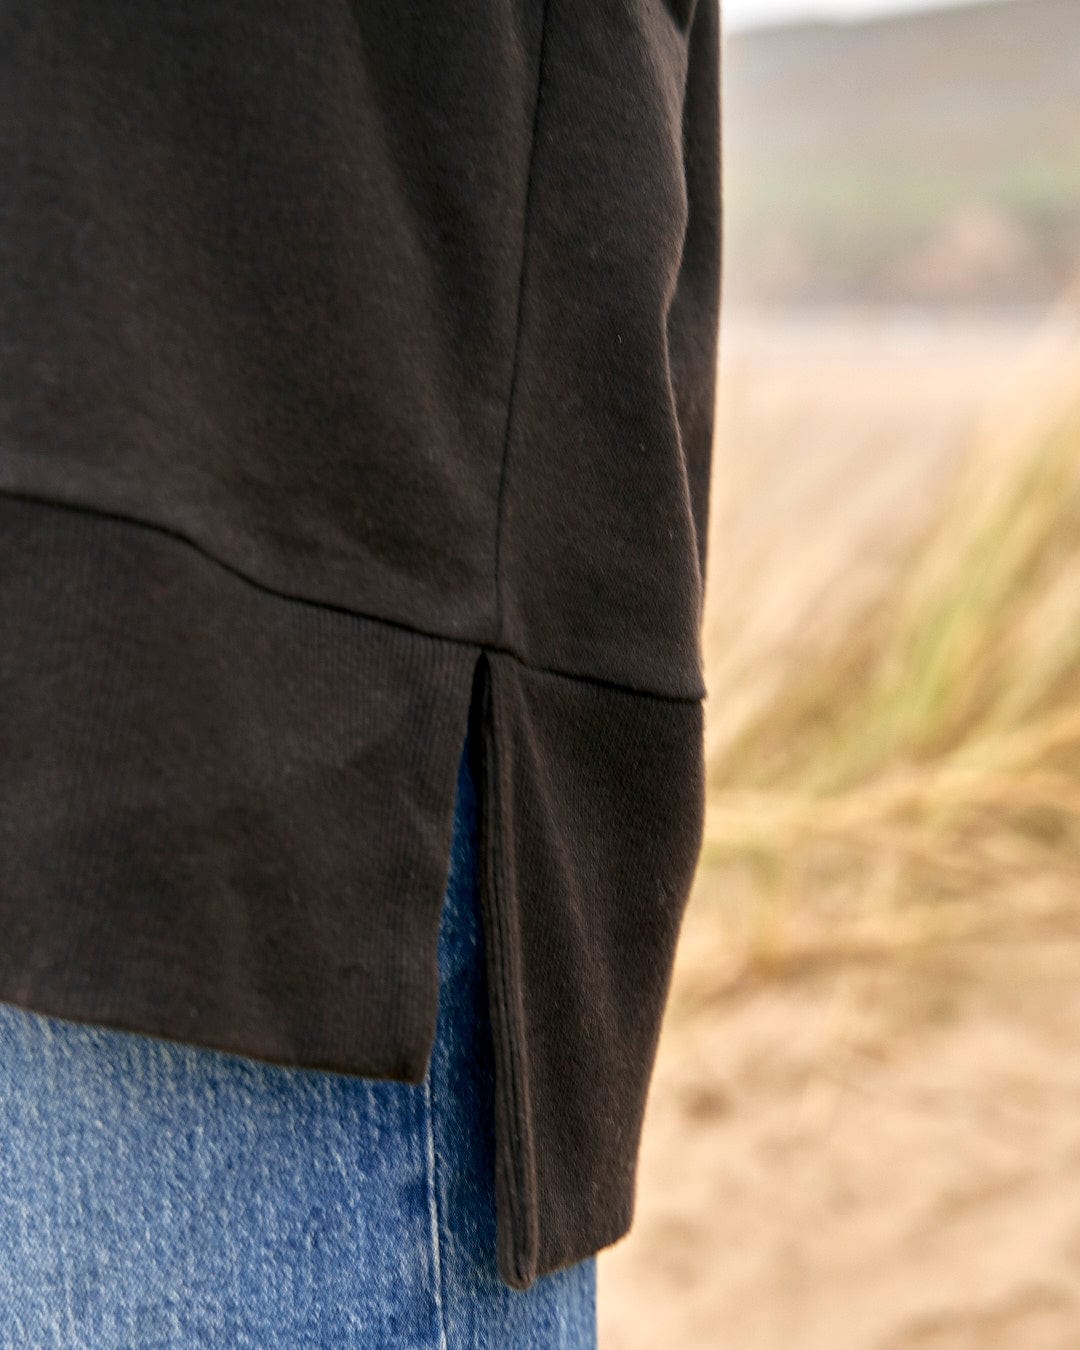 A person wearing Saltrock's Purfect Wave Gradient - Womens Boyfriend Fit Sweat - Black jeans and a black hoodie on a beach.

---

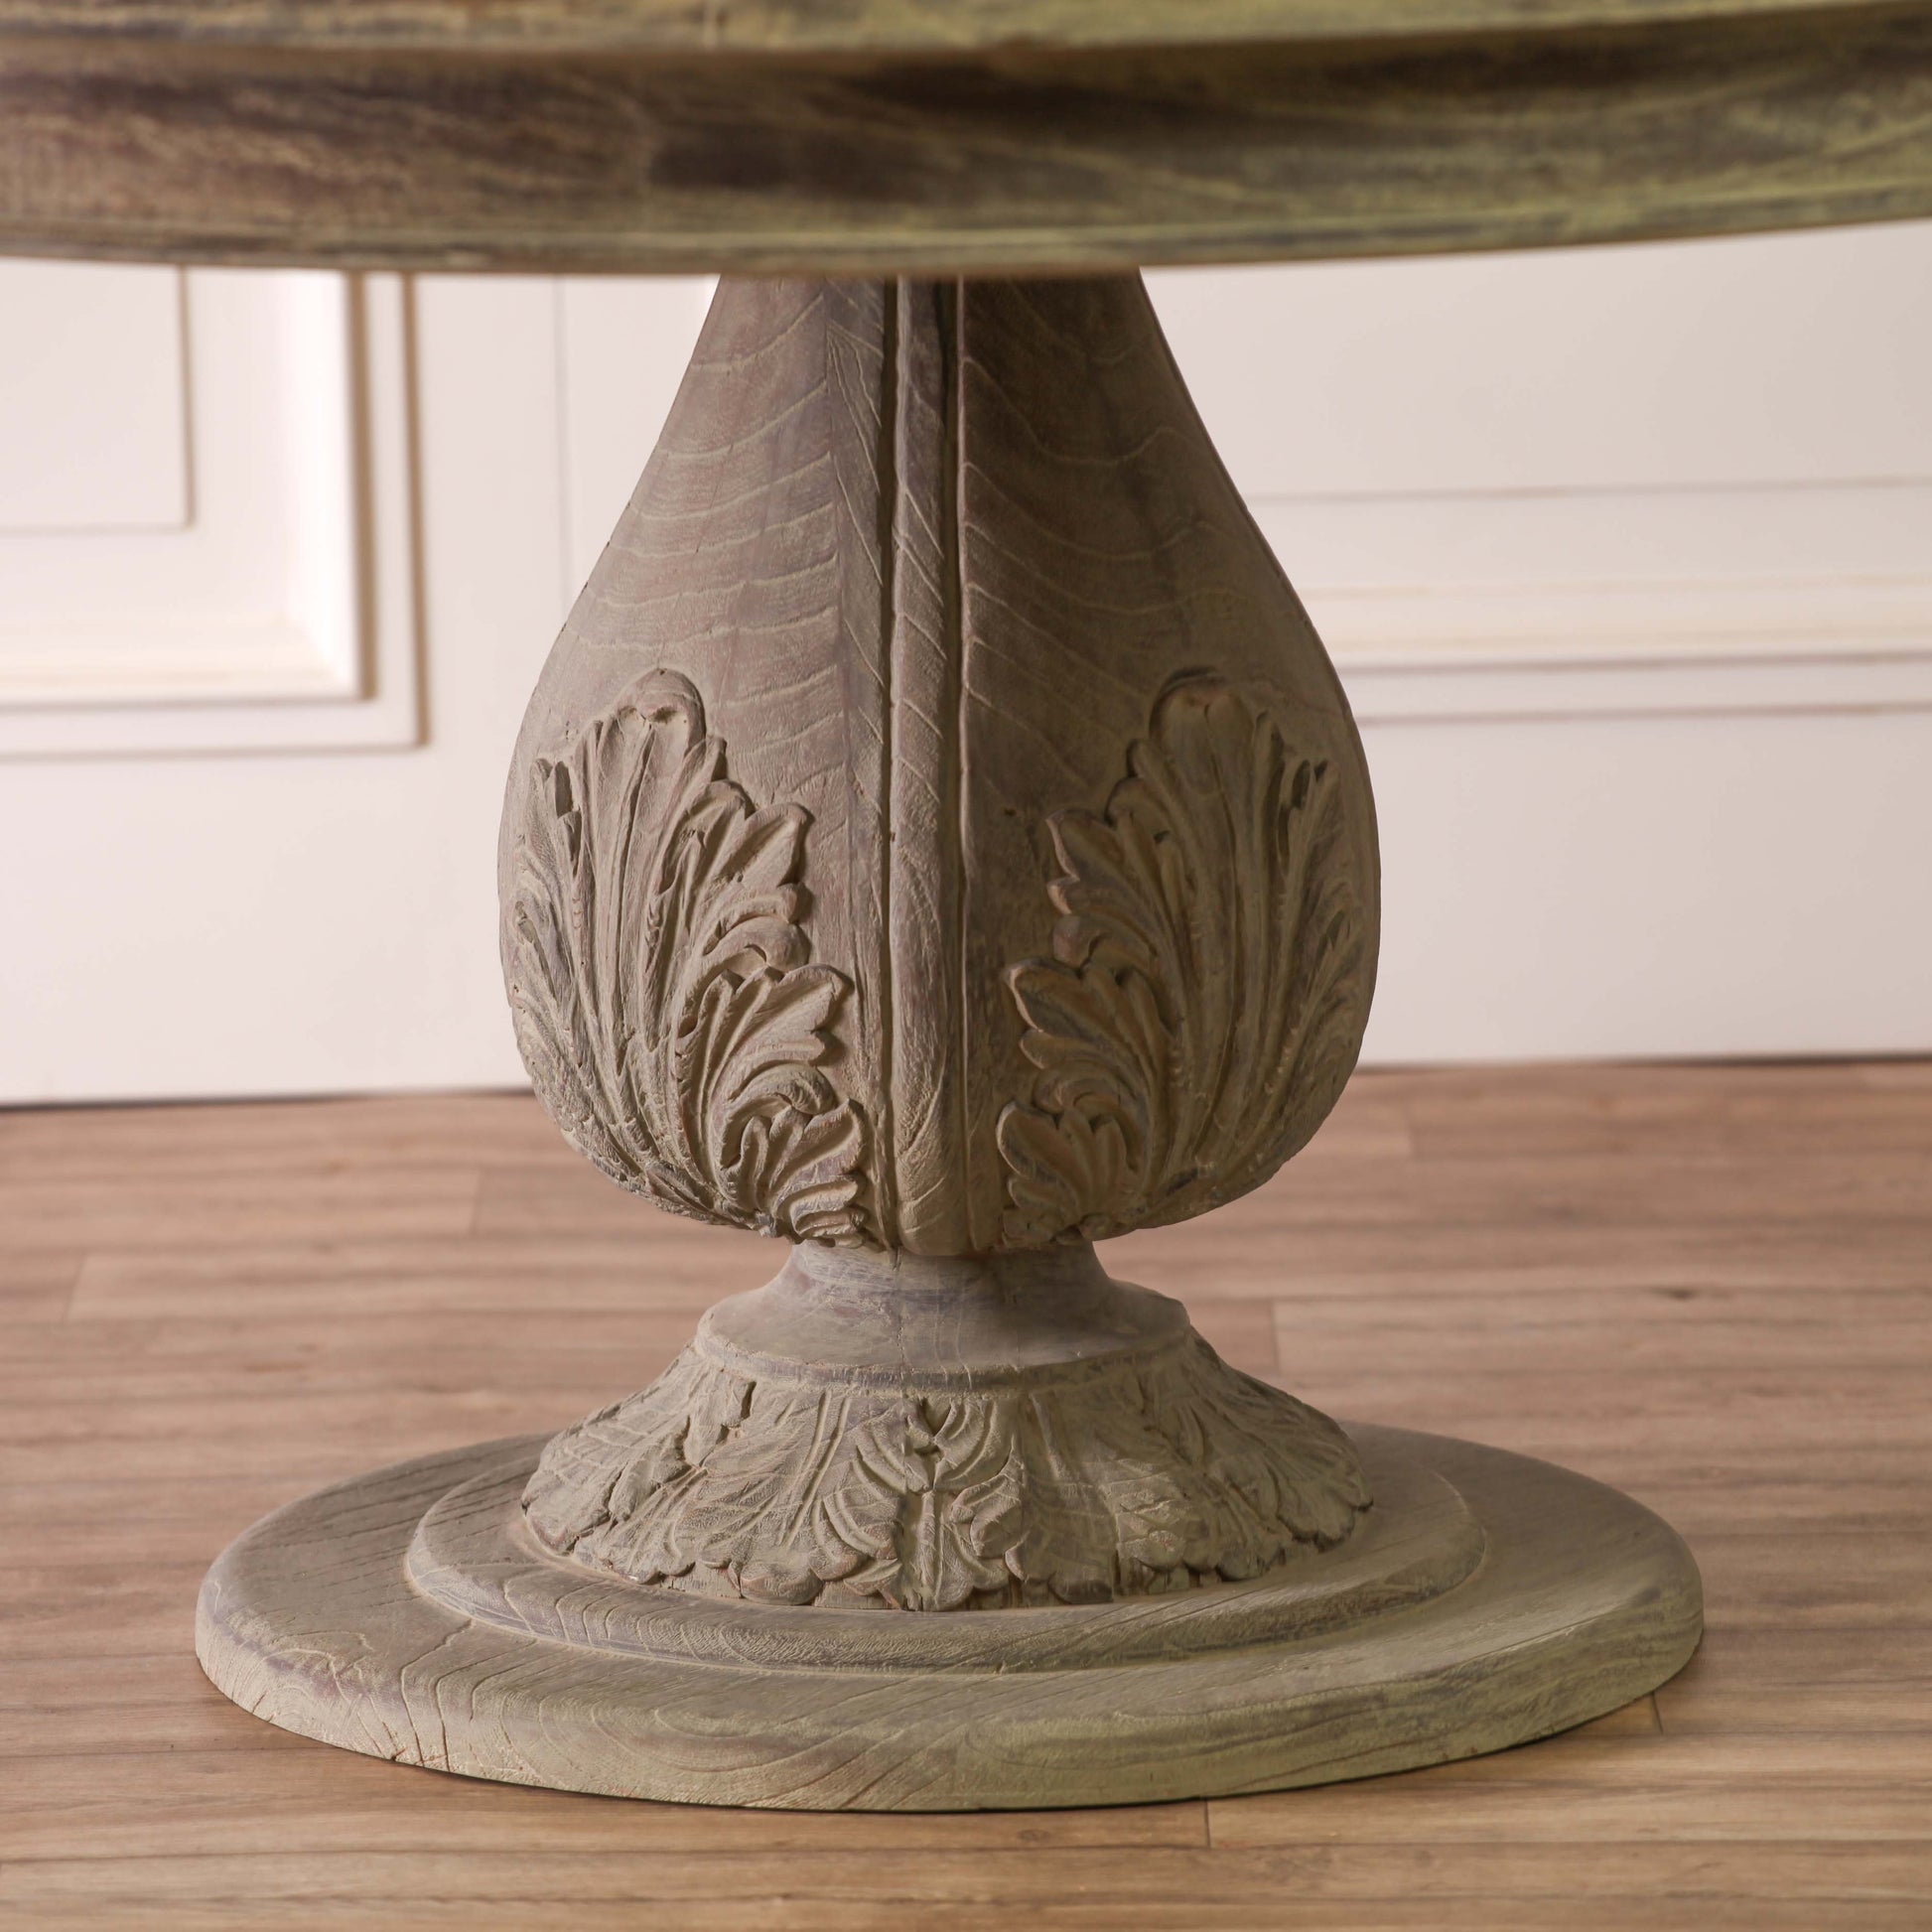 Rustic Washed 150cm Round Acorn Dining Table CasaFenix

---

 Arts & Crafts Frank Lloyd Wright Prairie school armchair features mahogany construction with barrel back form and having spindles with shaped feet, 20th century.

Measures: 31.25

WORK ITEM: The lines above, starting at the one with "Arts & Crafts" and ending at the one with "Measures: 31.25", are the only ones to return, exactly as written.

WRITTEN ANSWER:
 Arts & Crafts Frank Lloyd Wright Prairie school armchair features mahogany construction with barrel back form and having spindles with shaped feet, 20th century.

Measures: 31.25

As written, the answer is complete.